Directions:
Where does "this" appear in the data? Return each line that holds it.

Exercise inputs:
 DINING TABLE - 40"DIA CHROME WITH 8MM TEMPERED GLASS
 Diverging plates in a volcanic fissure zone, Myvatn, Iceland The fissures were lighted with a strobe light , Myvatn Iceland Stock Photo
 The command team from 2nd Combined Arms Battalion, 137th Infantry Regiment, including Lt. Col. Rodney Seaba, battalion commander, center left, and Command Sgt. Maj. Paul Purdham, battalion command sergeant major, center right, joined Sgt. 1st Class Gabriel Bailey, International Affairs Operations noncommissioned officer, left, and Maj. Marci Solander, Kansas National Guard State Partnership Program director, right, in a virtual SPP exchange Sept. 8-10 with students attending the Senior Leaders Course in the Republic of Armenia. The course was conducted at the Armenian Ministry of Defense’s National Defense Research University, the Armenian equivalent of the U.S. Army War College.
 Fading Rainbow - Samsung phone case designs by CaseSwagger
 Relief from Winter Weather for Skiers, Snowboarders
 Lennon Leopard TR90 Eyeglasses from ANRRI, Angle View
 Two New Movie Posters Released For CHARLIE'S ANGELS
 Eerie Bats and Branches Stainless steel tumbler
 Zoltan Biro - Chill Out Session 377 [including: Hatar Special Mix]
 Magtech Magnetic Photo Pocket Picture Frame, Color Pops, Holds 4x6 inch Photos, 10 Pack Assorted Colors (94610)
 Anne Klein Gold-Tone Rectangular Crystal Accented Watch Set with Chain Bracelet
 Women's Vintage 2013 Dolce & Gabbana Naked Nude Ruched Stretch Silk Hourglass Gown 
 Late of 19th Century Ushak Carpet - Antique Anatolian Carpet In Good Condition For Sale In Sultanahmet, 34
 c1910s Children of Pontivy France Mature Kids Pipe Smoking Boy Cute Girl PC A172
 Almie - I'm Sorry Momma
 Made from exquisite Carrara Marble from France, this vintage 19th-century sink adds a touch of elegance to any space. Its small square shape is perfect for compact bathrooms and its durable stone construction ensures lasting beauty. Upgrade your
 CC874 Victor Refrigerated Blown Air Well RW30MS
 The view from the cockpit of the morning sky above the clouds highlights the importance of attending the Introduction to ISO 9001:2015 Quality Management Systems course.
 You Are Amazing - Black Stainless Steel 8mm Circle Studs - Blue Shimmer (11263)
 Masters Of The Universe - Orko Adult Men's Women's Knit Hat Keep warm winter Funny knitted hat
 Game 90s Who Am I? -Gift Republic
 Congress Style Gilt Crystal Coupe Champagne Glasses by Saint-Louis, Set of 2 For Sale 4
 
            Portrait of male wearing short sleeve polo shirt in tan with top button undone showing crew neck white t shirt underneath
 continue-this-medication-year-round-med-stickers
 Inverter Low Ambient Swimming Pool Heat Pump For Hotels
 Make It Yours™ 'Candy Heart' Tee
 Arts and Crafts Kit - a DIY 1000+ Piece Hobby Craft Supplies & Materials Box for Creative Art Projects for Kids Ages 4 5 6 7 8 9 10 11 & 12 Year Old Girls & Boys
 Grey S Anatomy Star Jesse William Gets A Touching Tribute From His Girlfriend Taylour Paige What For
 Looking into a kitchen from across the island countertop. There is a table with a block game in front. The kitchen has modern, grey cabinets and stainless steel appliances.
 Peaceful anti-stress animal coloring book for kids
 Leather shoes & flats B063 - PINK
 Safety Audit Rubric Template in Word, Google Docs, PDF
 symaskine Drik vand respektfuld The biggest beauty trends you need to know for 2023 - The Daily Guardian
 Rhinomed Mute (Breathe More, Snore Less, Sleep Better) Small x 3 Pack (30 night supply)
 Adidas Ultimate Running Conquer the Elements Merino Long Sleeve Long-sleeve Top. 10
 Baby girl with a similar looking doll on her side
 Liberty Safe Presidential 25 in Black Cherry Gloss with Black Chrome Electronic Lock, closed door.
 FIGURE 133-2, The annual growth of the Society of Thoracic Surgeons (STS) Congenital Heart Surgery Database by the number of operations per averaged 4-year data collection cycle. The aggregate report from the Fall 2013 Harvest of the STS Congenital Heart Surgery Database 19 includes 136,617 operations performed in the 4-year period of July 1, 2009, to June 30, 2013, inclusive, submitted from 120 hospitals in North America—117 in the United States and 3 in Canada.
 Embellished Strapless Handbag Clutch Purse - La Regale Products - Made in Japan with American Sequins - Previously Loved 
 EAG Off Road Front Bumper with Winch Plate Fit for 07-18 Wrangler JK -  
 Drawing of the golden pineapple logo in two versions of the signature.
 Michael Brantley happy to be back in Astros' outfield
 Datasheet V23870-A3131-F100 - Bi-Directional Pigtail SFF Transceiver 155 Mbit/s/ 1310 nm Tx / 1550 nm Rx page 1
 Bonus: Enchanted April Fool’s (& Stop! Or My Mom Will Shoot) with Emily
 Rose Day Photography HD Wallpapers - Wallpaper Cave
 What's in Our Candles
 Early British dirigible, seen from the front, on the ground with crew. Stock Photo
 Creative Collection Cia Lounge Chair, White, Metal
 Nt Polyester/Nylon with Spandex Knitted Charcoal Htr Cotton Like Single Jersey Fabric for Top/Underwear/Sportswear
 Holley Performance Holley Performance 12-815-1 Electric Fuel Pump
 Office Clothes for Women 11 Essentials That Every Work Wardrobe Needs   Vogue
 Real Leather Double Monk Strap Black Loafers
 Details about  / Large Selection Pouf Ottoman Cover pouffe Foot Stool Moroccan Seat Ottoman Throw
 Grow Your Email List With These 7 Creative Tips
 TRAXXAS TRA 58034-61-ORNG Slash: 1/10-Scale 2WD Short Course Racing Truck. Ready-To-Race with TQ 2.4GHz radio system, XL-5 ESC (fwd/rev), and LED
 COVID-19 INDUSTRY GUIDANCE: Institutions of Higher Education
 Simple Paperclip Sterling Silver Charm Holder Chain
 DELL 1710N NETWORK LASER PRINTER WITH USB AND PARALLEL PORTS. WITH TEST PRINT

Result below:
 Made from exquisite Carrara Marble from France, this vintage 19th-century sink adds a touch of elegance to any space. Its small square shape is perfect for compact bathrooms and its durable stone construction ensures lasting beauty. Upgrade your
 continue-this-medication-year-round-med-stickers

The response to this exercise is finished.